The Organisation of Petroleum Exporting Countries has announced a surprise decision to cut production further, which caused oil prices to surge on Monday.
Brent crude rose by 5.5% to $84.26 a barrel, after hitting $86.44, the highest it has been in a month while US West Texas Intermediate crude was up 5.6% to $79.90 a barrel, which is the highest level since late January.
The production cuts amount to about 1.16 million barrels per day, bringing the total volume of cuts by OPEC+ to 3.66 million bpd, which is equal to 3.7% of global demand. Top producer Saudi Arabia called it a “precautionary measure to support market stability”.

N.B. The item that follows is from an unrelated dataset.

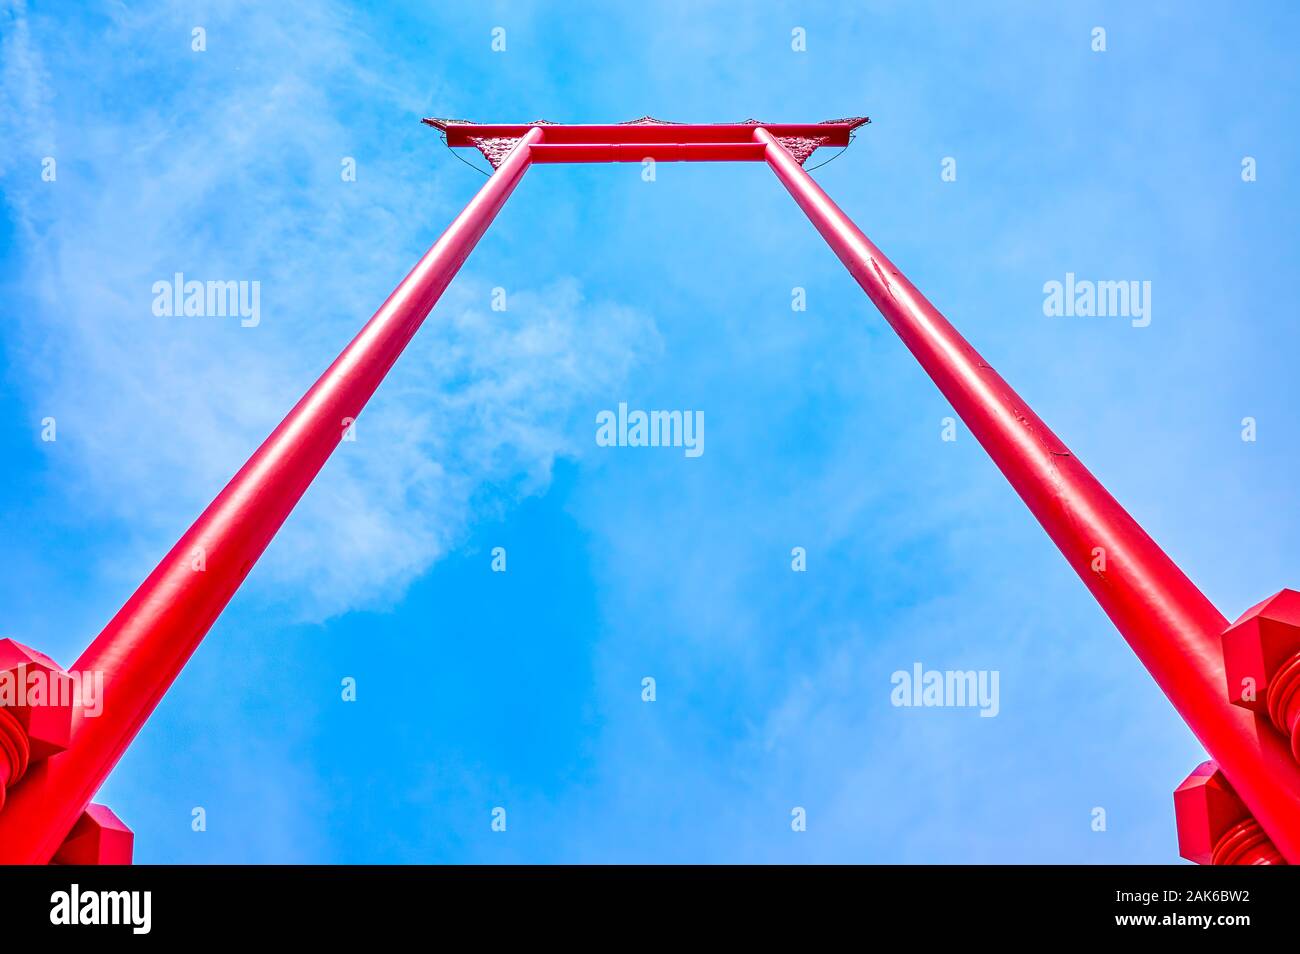 The amazing red timber Giant Swing is one of the most famous landmarks of Bangkok, Thailand Stock Photo

However, the Biden administration has expressed its disapproval of the move, and some analysts have questioned the rationale behind the extra production cut.
Founder of oil market analysis provider Vanda Insights, Vandana Hari, said, “It’s hard to buy the ‘pre-emptive’ and ‘precautionary’ reasoning – especially now when the banking crisis had tailed off and Brent had crawled back up towards $80 from its 15-month lows earlier in March.”
Analysts at JP Morgan also said that the slow response to weaker prices would have a limited impact on overall balances and could delay the price impact.
Goldman Sachs, on the other hand, has adjusted its forecast for OPEC+ production and raised its Brent price forecast to $95 and $100 a barrel for 2023 and 2024, respectively. The output reduction could provide a 7% boost to oil prices, contributing to higher Saudi and OPEC+ oil revenues.
RBC Capital analyst Helima Croft said, “The bottom line is Washington and Riyadh simply have different price targets for their key policy initiatives.”
Meanwhile, US crude production rose in January to 12.46 million bpd, the highest it has been since March 2020, according to Energy Information Administration data.